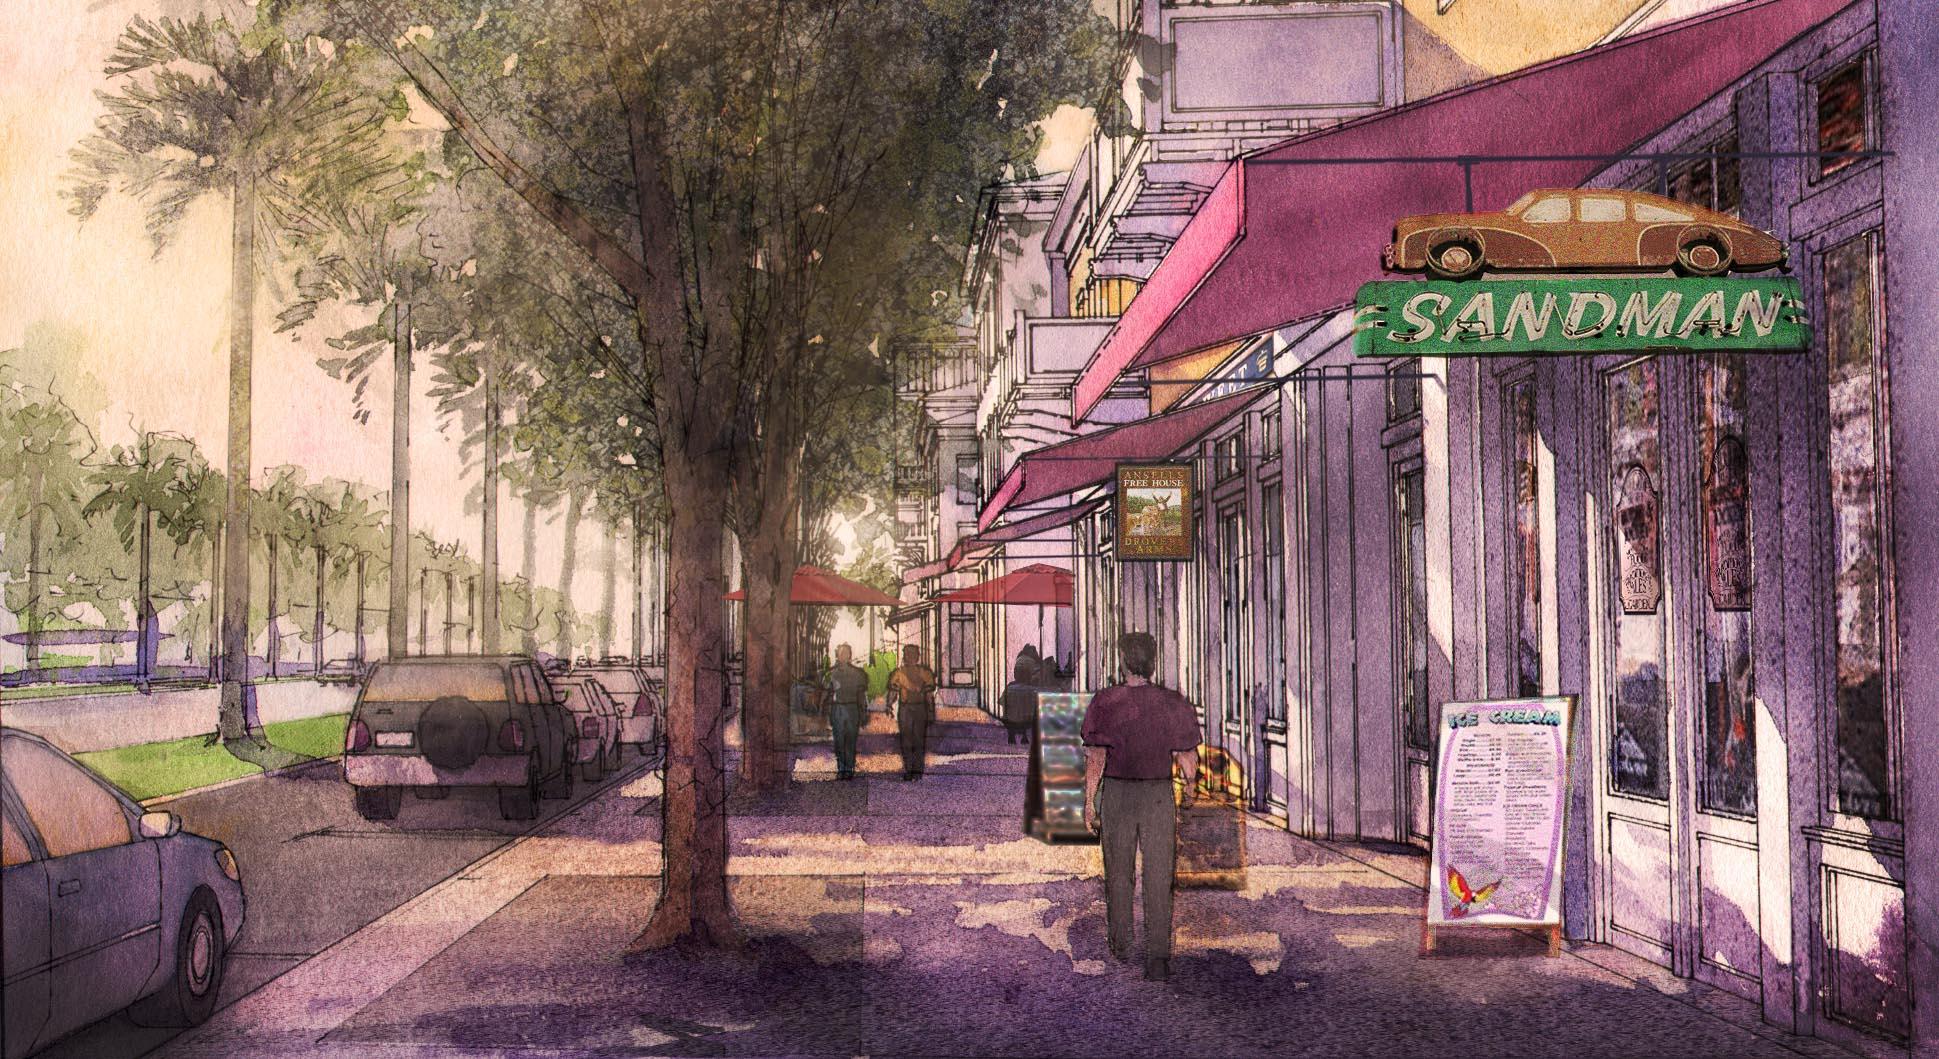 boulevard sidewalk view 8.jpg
* * *
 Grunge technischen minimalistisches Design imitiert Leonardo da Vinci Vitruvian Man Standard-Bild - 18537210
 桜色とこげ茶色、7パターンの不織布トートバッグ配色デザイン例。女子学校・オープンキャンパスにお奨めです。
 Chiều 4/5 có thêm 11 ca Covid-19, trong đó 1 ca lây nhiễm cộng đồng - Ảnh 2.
---
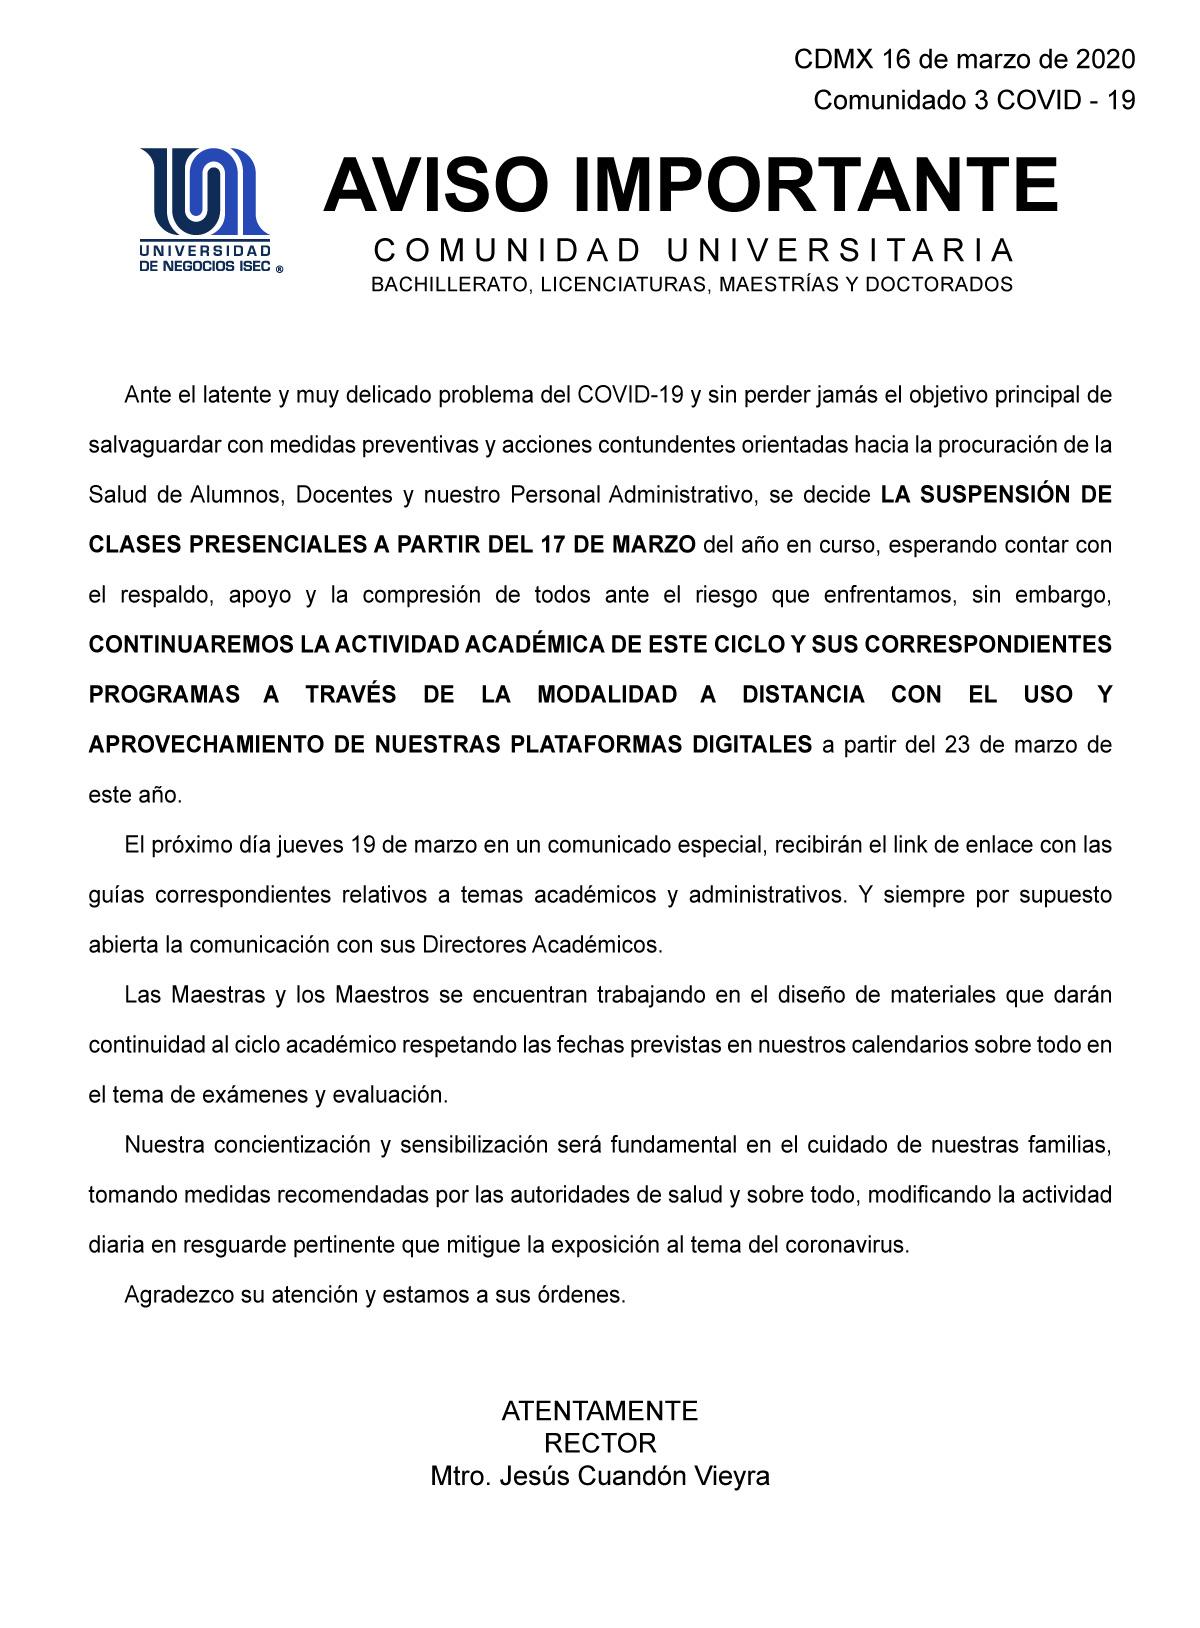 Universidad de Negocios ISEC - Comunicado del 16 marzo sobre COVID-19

** INSTRUCTIONS TO FOLLOW **
Extract the lines of the preceding material that run from the line with "桜色とこげ茶色、7パターンの" through the line with "Chiều 4/5 có", inclusive, reproducing them exactly and adding nothing.

** RESULT OF THIS TASK **
 桜色とこげ茶色、7パターンの不織布トートバッグ配色デザイン例。女子学校・オープンキャンパスにお奨めです。
 Chiều 4/5 có thêm 11 ca Covid-19, trong đó 1 ca lây nhiễm cộng đồng - Ảnh 2.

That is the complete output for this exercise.